Please explain this explanation to me; Discrete Math: Counting

Question

This is a counting solution to which selections of object which are not all distinct.

The basic premise is that the number of non-negative integer solutions to $x_1+x_2+x_3+...+x_k = n$ is equal to the number of ways to place $n$ identical balls into $k$ labelled boxes in which is equal to the number of sequences of $n$ stars (*) and $k-1$ bars (|).

The correspondence in the former case is to let $x_i$ equal the number of balls in box $i$, $1 \leq i \leq k$, and in the latter case it is to let the number of stars before the first bar equal the number of balls in box $1$, the number of stars between the first and second bar equal the number of balls in box $2$, the number of stars between the second and third bar equal the number of balls in box $3$, and so on until, finally, the number of stars following the last bar equals the number of balls in box $k$.

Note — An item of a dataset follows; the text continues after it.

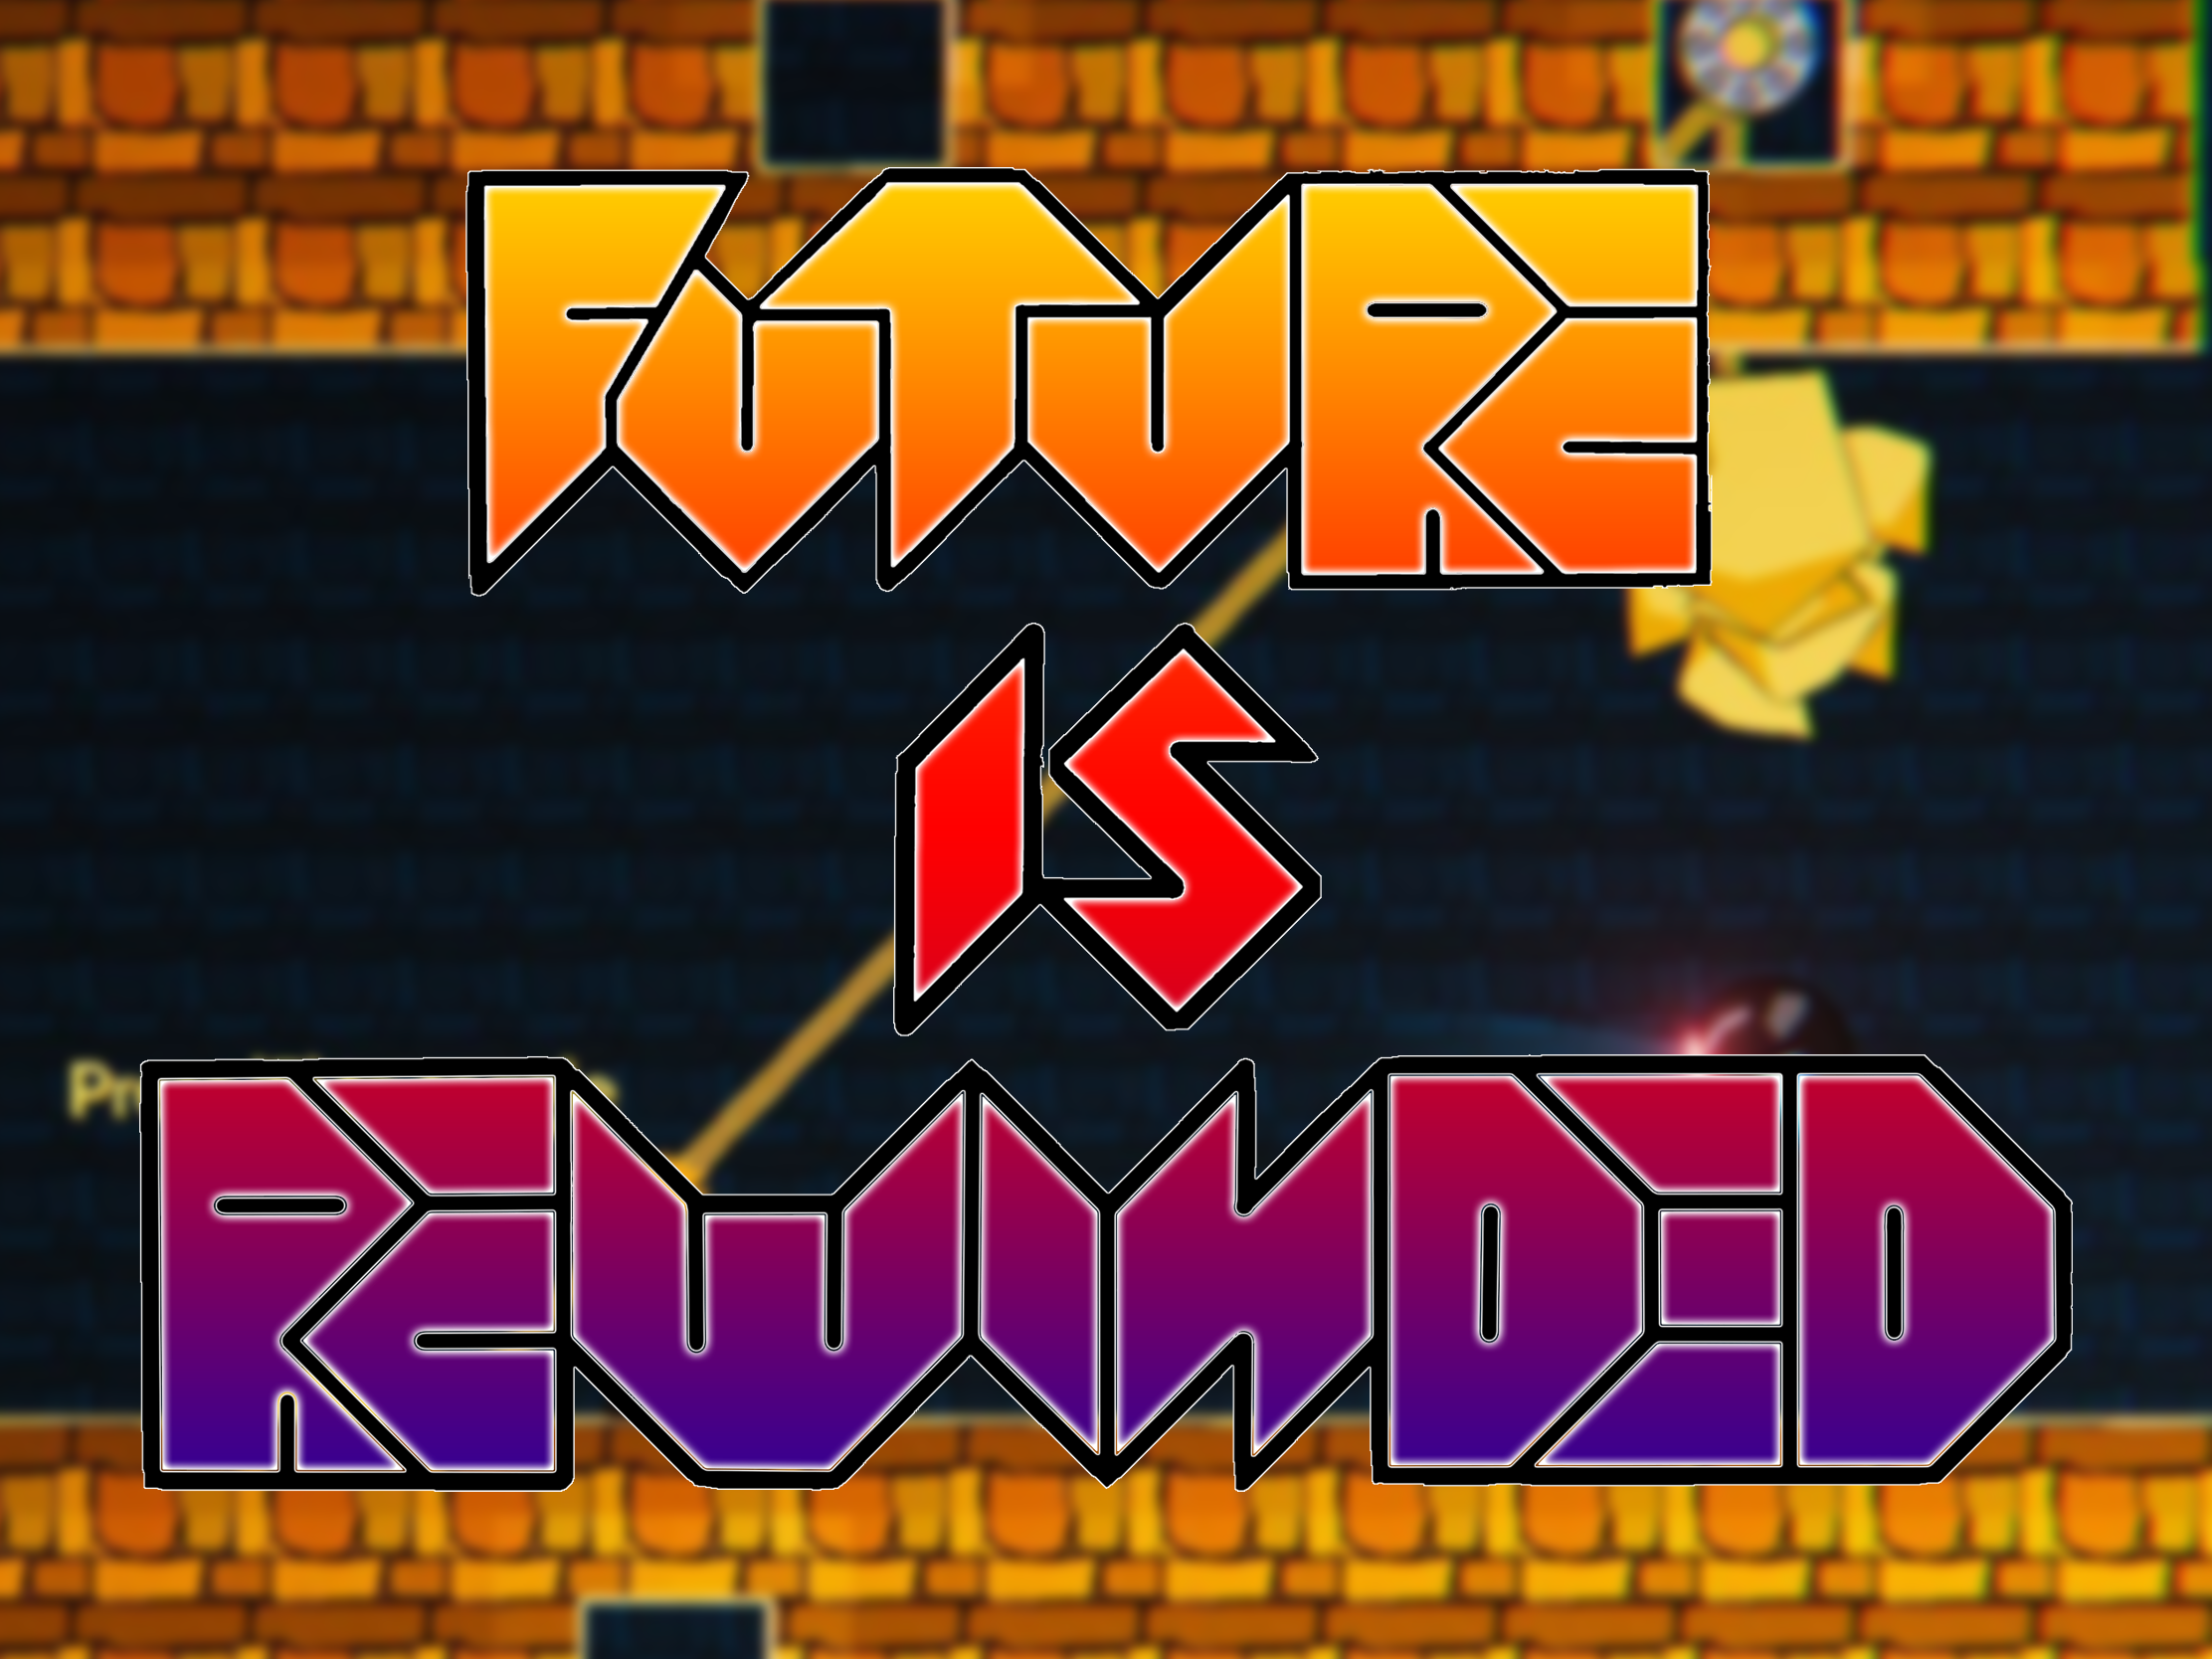 New game - Future Is Rewinded - full screen news image

You can imagine the $n$ stars as the balls, and the $k$ spaces created by the $k-1$ bars as the $k$ boxes. The number of solutions is then the number of arrangements of these $n+k-1$ non distinct objects, and is $$\frac{(n+k-1)!}{n!(k-1)!} = C(n+k-1, n) = C(n+k-1, k-1).$$

Any explanation would be appreciated

Answer 1

It is a way to describe the number of ways you can choose $k$ objects out of $n$ without regard to order and with replacement.

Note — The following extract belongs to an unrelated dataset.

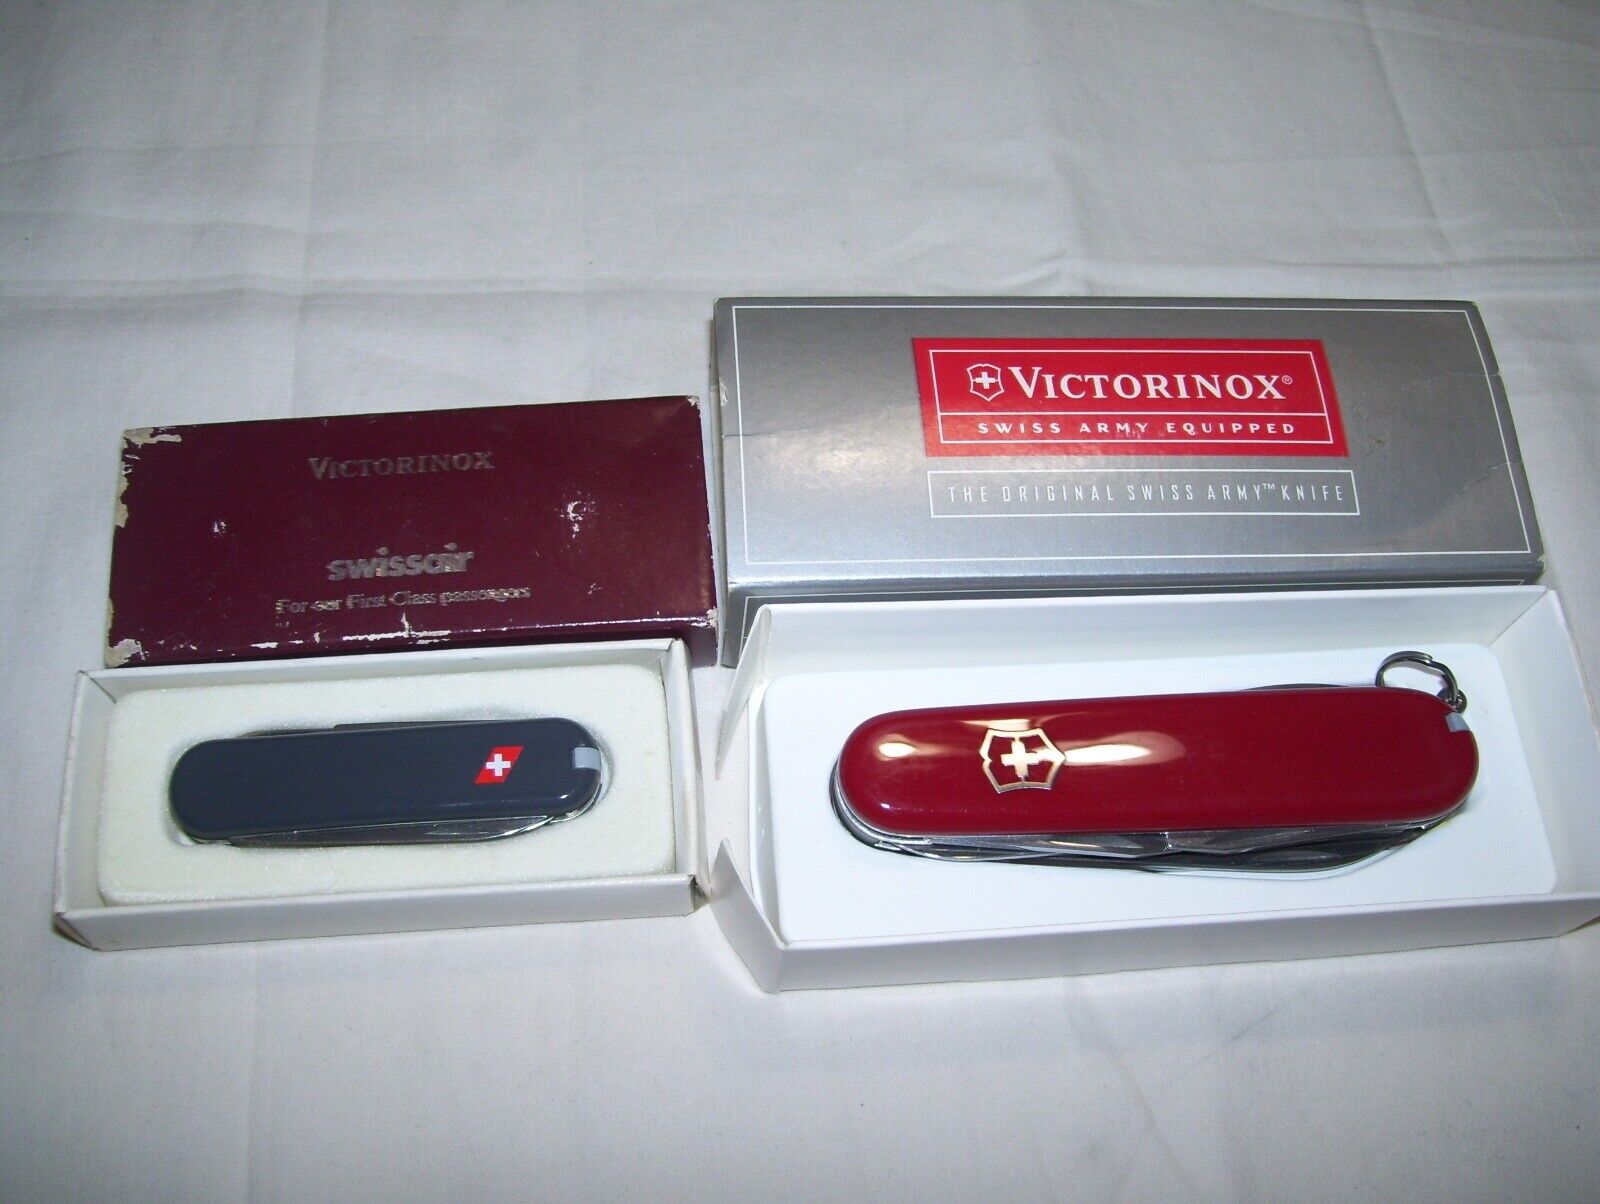 2 Old Vintage VICTORINOX Swiss Army Pocket Knifes Swissair Advertising with Box

First, imagine an experiment where we have a box with $n$ compartments. We draw a number between $1$ and $n$ from an urn, place a ball in the corresponding compartment, and put the number back in the urn. This is repeated $k$ times, which gives some configuration of the box:

As indicated in the figure, this configuration is equivalent to a sequence of $k$ red balls and $(n-1)$ inner walls, i.e. the walls separating the compartments. It is possible to construct $(n-1+k)!$ such sequences (with regard to order). But since we only care about the number of balls in each compartment, some of these sequences are identical. Swapping two balls in the sequence, will not change the configuration of the box, and the total number of ways to permute the balls is $k!$. Likewise, the inner walls can be permuted in $(n-1)!$ ways. This gives \begin{align*} \frac{(n-1+k)!}{(n-1)!k!}=\binom{n-1+k}{k} \end{align*} possible ways to choose $k$ out of $n$ objects without regard to order and with replacement.

In respect to the problem $x_1+\ldots+x_n=k$, this is exactly the same problem as placing the balls in the compartments. Think of $x_1$ as the number of balls in compartment 1, $x_2$ the number in compartment 2 etc. In total, there are $k$ balls, which gives the equation.